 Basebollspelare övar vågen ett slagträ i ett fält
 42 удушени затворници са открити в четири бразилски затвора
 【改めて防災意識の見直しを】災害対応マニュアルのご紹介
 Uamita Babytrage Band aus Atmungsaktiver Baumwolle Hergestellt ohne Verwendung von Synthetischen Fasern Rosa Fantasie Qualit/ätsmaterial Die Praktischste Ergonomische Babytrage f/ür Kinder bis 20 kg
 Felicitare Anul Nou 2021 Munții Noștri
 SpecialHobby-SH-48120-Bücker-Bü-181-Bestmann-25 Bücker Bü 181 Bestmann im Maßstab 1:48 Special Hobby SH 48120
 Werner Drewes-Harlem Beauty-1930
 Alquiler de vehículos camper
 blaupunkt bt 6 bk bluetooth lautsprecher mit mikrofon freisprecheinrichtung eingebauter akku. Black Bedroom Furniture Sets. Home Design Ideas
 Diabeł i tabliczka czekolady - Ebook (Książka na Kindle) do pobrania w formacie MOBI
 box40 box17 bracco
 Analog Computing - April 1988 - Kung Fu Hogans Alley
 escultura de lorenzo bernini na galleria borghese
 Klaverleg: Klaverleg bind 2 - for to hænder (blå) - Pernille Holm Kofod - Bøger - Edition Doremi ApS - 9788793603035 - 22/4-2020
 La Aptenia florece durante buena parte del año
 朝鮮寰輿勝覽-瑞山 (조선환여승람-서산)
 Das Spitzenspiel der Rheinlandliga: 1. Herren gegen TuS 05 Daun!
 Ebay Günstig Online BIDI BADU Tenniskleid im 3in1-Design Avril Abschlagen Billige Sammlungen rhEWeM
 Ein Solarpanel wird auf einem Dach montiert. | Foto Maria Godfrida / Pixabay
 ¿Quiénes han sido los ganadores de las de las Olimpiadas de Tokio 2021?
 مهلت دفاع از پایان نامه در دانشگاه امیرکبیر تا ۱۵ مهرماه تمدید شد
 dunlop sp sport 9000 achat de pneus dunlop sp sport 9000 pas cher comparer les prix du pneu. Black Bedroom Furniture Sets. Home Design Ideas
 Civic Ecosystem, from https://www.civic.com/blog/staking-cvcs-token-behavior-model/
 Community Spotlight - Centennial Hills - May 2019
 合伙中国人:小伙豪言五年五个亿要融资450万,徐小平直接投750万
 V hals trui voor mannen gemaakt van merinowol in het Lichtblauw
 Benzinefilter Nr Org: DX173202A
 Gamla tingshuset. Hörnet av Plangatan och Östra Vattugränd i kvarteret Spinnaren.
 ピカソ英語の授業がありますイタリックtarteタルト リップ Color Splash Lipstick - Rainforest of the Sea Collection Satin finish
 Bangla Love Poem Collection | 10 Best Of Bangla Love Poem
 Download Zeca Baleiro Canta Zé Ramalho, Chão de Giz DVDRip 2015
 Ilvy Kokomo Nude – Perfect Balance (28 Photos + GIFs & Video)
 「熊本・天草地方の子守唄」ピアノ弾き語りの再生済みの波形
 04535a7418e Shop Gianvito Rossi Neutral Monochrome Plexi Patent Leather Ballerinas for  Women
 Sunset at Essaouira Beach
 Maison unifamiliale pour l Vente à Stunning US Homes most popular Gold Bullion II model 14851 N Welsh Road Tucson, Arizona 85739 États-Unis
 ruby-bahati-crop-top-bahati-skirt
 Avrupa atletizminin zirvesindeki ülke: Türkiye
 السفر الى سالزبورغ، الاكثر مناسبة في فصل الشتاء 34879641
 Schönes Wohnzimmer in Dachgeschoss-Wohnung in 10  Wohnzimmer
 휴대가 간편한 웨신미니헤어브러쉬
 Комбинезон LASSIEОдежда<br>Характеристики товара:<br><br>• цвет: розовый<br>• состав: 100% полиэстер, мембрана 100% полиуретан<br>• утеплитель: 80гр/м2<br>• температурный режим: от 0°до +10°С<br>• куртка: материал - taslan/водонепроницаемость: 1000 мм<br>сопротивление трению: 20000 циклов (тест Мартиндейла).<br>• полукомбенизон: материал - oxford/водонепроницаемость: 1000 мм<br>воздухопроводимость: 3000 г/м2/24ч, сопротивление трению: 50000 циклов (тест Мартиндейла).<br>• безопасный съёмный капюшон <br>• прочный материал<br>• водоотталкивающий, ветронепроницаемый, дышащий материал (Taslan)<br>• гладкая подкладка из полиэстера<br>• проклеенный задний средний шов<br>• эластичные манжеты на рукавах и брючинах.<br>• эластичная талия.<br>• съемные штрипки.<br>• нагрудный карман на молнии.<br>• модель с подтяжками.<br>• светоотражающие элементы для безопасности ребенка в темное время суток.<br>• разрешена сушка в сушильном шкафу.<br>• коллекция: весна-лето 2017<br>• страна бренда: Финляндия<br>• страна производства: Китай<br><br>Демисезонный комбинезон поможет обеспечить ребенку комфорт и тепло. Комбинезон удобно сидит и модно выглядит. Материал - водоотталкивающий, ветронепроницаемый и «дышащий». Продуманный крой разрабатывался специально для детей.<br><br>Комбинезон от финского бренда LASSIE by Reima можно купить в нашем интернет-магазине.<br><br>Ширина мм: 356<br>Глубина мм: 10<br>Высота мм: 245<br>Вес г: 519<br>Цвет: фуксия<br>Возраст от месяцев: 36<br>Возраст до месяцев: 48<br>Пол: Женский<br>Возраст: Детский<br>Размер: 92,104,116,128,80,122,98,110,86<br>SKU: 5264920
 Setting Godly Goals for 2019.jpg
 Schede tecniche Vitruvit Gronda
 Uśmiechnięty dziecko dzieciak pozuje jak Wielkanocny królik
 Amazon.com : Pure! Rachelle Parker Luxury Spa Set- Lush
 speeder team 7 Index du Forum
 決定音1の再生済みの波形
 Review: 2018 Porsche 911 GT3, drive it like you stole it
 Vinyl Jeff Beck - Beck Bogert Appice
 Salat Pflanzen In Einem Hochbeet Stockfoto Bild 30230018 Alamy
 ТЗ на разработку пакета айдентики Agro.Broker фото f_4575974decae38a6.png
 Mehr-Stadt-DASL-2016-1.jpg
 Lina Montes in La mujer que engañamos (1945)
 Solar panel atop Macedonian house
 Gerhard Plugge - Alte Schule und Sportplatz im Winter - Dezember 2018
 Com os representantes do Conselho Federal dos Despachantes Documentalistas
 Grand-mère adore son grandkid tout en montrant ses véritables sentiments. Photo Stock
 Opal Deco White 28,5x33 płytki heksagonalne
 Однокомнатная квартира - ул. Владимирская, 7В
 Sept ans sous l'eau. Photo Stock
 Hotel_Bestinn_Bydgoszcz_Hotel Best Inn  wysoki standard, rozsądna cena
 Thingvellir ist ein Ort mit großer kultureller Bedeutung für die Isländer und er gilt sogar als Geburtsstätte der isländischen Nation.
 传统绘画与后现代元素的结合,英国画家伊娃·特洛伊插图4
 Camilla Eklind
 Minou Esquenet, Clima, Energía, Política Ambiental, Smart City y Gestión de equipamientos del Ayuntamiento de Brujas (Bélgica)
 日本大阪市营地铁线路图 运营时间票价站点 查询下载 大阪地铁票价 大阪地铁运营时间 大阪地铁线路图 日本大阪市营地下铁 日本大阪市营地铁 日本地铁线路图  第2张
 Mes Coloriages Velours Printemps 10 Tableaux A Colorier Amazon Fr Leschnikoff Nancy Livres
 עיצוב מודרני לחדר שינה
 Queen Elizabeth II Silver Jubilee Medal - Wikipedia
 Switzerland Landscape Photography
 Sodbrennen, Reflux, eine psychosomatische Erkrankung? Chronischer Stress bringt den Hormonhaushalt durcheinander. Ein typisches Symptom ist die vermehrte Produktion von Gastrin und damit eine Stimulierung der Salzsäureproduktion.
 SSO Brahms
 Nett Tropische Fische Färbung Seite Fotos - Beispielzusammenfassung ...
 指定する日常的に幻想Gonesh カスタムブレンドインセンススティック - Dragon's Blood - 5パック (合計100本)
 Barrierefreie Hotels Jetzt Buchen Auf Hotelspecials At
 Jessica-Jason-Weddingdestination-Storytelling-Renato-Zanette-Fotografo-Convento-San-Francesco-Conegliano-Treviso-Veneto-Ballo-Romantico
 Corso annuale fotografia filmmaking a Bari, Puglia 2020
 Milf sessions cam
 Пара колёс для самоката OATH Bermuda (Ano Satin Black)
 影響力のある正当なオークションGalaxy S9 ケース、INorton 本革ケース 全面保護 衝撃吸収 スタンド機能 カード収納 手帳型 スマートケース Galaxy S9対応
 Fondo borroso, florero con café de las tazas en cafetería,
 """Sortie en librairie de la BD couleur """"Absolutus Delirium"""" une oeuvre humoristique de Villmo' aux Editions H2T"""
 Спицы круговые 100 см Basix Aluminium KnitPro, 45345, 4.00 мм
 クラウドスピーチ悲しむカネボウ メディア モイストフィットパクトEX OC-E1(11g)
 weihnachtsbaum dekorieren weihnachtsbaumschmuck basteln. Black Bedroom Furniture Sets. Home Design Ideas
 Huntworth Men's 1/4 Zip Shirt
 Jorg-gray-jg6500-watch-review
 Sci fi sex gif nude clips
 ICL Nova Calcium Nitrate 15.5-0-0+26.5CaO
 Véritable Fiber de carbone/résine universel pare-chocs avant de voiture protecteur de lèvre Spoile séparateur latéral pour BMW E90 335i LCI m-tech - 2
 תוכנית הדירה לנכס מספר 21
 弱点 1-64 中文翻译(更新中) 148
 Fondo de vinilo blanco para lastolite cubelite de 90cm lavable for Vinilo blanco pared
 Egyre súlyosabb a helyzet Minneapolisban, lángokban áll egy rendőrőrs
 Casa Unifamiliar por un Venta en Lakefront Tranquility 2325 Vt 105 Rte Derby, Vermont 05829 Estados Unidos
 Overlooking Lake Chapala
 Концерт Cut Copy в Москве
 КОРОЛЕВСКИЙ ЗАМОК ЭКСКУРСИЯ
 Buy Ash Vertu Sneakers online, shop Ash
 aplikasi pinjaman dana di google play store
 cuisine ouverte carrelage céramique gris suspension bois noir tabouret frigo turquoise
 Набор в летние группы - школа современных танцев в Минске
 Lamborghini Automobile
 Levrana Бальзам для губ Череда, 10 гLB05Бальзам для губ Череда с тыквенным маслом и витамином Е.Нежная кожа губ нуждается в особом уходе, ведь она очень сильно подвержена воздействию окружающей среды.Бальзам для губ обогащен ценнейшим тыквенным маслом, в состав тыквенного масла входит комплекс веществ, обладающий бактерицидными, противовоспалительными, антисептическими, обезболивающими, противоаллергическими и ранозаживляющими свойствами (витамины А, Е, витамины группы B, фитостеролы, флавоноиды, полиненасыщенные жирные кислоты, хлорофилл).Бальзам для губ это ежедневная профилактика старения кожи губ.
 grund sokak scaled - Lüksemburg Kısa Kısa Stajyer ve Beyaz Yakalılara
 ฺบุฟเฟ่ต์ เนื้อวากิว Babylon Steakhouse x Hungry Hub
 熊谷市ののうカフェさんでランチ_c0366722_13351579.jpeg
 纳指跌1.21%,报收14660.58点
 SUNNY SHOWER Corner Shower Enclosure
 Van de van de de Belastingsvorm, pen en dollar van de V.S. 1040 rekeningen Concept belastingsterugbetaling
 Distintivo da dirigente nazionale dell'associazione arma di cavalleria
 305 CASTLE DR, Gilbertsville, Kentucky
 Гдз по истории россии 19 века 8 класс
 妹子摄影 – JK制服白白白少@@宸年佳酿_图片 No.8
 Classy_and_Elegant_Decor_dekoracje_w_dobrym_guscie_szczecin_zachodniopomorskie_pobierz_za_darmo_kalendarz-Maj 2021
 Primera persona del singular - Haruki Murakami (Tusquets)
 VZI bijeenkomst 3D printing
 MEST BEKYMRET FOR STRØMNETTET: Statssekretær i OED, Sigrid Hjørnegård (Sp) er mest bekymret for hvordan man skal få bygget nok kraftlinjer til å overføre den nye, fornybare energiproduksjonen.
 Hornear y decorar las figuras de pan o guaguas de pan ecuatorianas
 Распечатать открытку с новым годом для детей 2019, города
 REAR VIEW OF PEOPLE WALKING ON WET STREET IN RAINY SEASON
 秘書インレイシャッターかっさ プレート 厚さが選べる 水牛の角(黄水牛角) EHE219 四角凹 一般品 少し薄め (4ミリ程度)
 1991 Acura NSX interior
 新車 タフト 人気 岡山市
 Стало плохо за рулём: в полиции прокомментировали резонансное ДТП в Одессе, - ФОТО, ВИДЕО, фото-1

-*-*-

**Task objective**
In the material above, the line with "Distintivo da dirigente" marks the start. Print it and every line after it through the last, exactly.

**Response to the task**
 Distintivo da dirigente nazionale dell'associazione arma di cavalleria
 305 CASTLE DR, Gilbertsville, Kentucky
 Гдз по истории россии 19 века 8 класс
 妹子摄影 – JK制服白白白少@@宸年佳酿_图片 No.8
 Classy_and_Elegant_Decor_dekoracje_w_dobrym_guscie_szczecin_zachodniopomorskie_pobierz_za_darmo_kalendarz-Maj 2021
 Primera persona del singular - Haruki Murakami (Tusquets)
 VZI bijeenkomst 3D printing
 MEST BEKYMRET FOR STRØMNETTET: Statssekretær i OED, Sigrid Hjørnegård (Sp) er mest bekymret for hvordan man skal få bygget nok kraftlinjer til å overføre den nye, fornybare energiproduksjonen.
 Hornear y decorar las figuras de pan o guaguas de pan ecuatorianas
 Распечатать открытку с новым годом для детей 2019, города
 REAR VIEW OF PEOPLE WALKING ON WET STREET IN RAINY SEASON
 秘書インレイシャッターかっさ プレート 厚さが選べる 水牛の角(黄水牛角) EHE219 四角凹 一般品 少し薄め (4ミリ程度)
 1991 Acura NSX interior
 新車 タフト 人気 岡山市
 Стало плохо за рулём: в полиции прокомментировали резонансное ДТП в Одессе, - ФОТО, ВИДЕО, фото-1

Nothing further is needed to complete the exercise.